A young fellow passenger, to whom I had not yet spoken, that evening at dinner said something to the captain which I did not hear, and the captain thereupon turned to regard him in mild surprise and amusement. “Are you through,” the captain said with a wise smile. “I hope you will like it, but I think not.” An elderly planter next to me chuckled. The young man began to hum a tune, as though he did not hear.
“How will you do it?” said the planter.
“Oh, on an elephant, or walk it, if it comes to that, or take a prahu. I don’t know. But I’m going.”
“And you call that a holiday?” said the planter, smiling bitterly.
“No, I call it a lark,” said the young man.
“I wouldn’t do it for a tenth share in the ship,” the captain assured me.
“Do what?” I asked, in suspicious curiosity.
“Why, make my own way to Ulu Kelantan, to where that river rises, somewhere among the rhinoceroses over there.” The skipper pointed at the night beyond the open ports of the tiny saloon.

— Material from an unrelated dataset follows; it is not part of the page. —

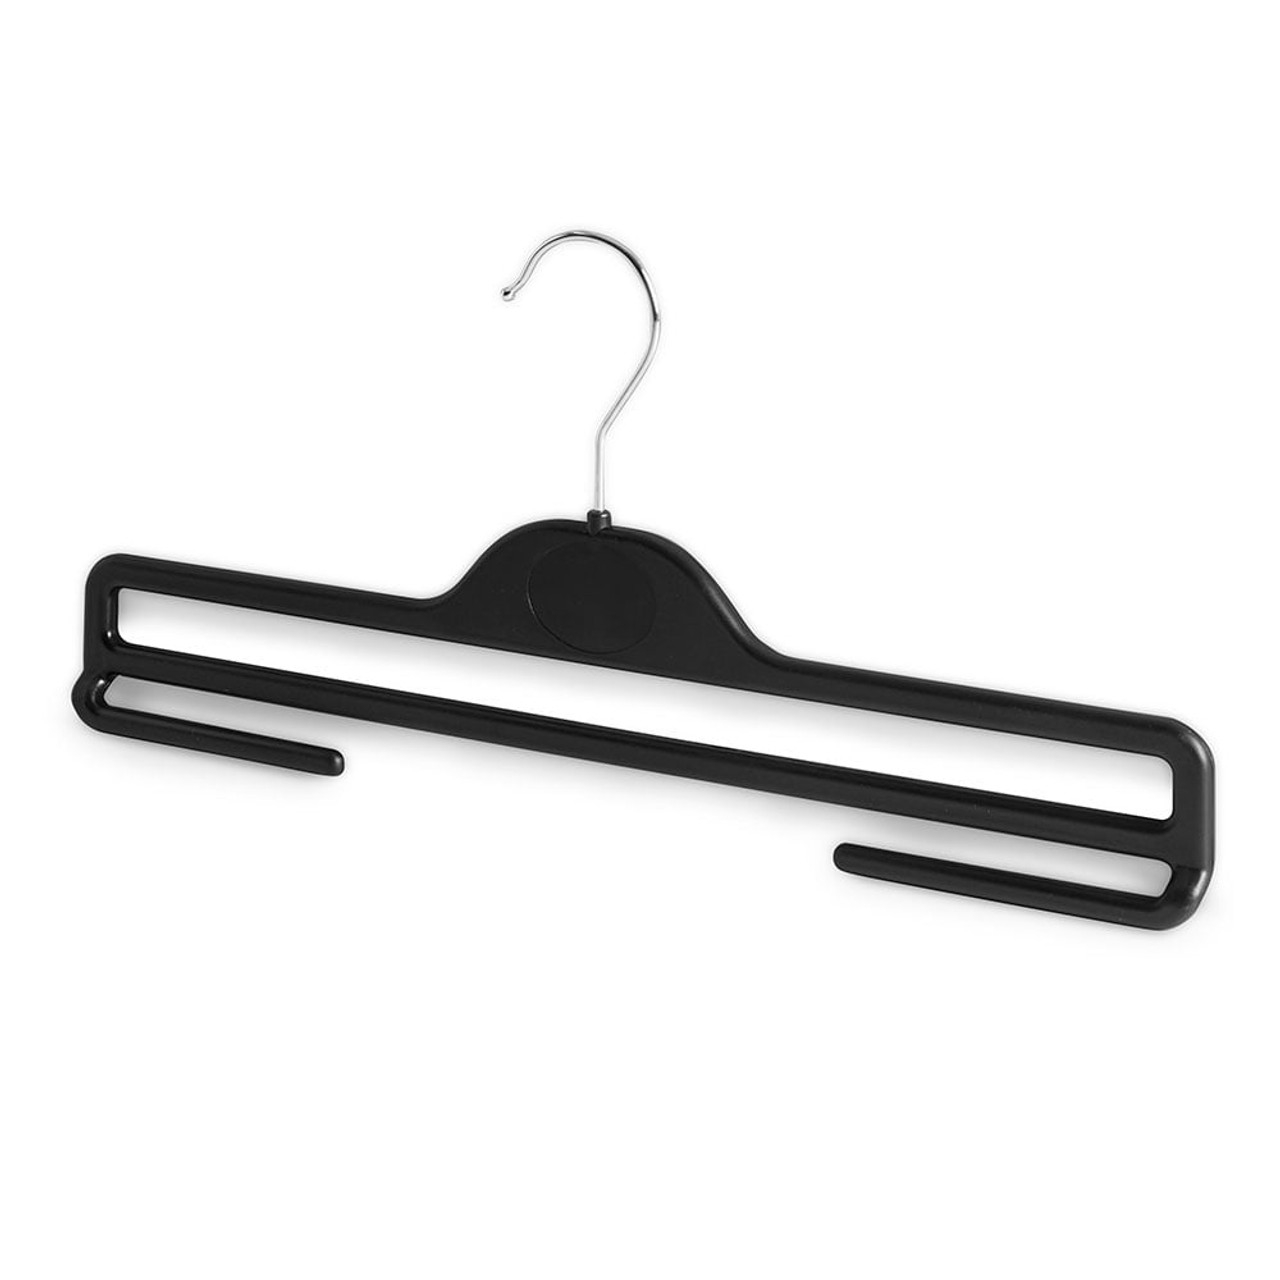 SPRUTTIG Hanger black  IKEA

After that dinner I forgot my excursion to Bangkok. I did not want it. The young man assured me that he would not obstinately disapprove of my society, and that he thought I could furnish myself with what was needed for the trip up country at a place he called Kota Bharu. We should land next morning near there, at Tumpat. It was fortunate for me that night that those places were not on my map and that I could not prove my new friend did not know what he was talking about, for otherwise I might still have been prudent and continued in comfort and boredom my voyage up the Gulf of Siam.